In early June, Yessika Patapoff and her husband moved from San Francisco’s Lower Haight neighbourhood to Tiburon, a charming town north of the city. Patapoff is an attorney who’s been unemployed since before Covid-19 hit, and her husband is working from home. She says her husband’s employer has been flexible about working from home, but it is not currently a permanent situation. While they’re paying a similar price for housing, they now have more space, and no plans to move back.

“My husband and I were already growing tired of the city before Covid,” Patapoff says.

Similar stories emerged in the UK, where real estate markets almost completely stopped for 50 days during lockdown, causing a rush of demand when it reopened. “Enquiry activity has been extraordinary,” Damian Gray, head of Knight Frank’s Oxford office told World Property Journal. “I've never been contacted by so many people that want to live outside London."

Several estate agencies in London have reported a rush for properties since the market opened back up, particularly for more spacious properties with outdoor space. However, Mansion Global noted this is likely due to pent up demand from 50 days of almost complete real estate shutdown, so it’s hard to tell whether that trend will continue.

There’s a wide world of speculation about the long-lasting changes to real estate caused by the coronavirus, but many industry experts say there will indeed be change.

In May, The New York Times reported that three of New York City’s largest commercial tenants — Barclays, JP Morgan Chase and Morgan Stanley — have hinted that many of their employees likely won’t be returning to the office at the level they were pre-Covid.

Until workers are able to safely return to offices, it’s impossible to tell exactly how much office space will stay vacant post-pandemic. On one hand, businesses could require more space to account for physical distancing; on the other hand, they could embrace remote working permanently, or find some middle ground that brings fewer people into the office on a daily basis.

“It’s tough to say anything to the office market because most people are not back working in their office yet,” says Robert Knakal, chairman of JLL Capital Markets. “There will be changes in the office market and there will likely be changes in the residential market as well in terms of how buildings are maintained, constructed, [and] designed.”

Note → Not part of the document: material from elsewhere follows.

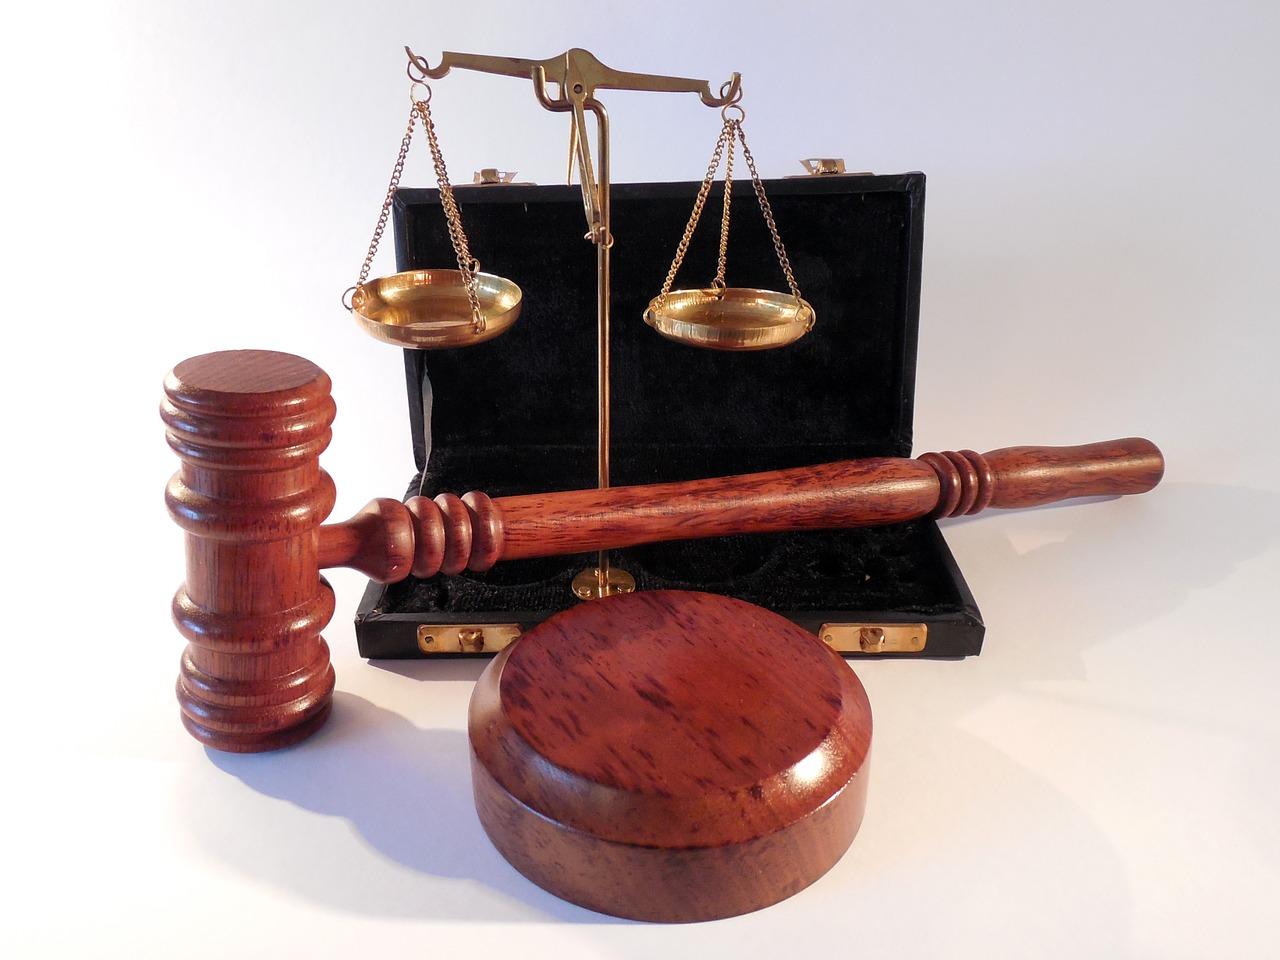 Jak mądrze wybrać adwokata, aby przeprowadzić rozwód po naszej myśli?

Those who do return to the office may find a reversal of recent design trends that favoured open, airy layouts with desks clustered tightly together. “The space per employee likely to go up would counterbalance the folks who are no longer coming into the office,” Knakal says.

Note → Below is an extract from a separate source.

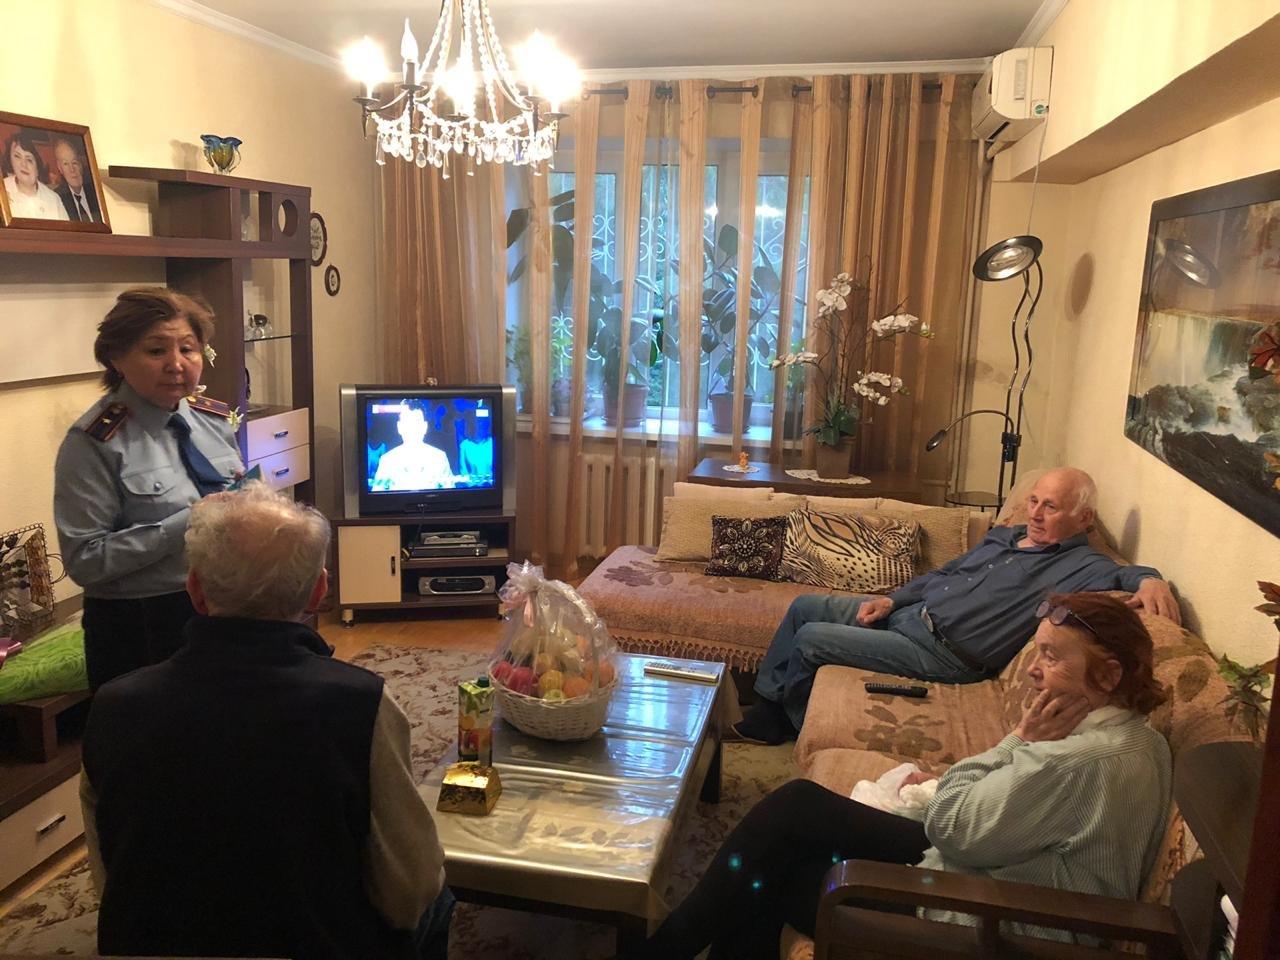 В Алматы ветерану возвратили утерянное пенсионное удостоверение (ФОТО), фото-1

There has been some discussion of using newly vacant office space for residential needs, and while that’s appealing to housing advocates in cities that sorely need more housing, Bill Rudin, CEO of Rudin Management Company, recently told Spectrum News that the conversion process may be too difficult to be practical.

"I don’t know the amount of buildings out there that could be adapted," he said. "It’s very complicated and expensive.

While there’s been tumult in San Francisco’s rental scene, housing developers appear to still be moving forward with their plans, says Dan Sider, director of executive programs at the SF Planning Department.

“Despite the doom and gloom that we all read about daily, our office continues to see interest from the development community – particularly larger, more established developers – in both moving ahead with existing applications and in submitting new applications for large projects,” he says.

How demand for those projects might change and what it might do to improve affordable housing is still unknown, though “demand will recover,” Sider predicts.

Johanna Flashman is a freelance writer based in Oakland, California.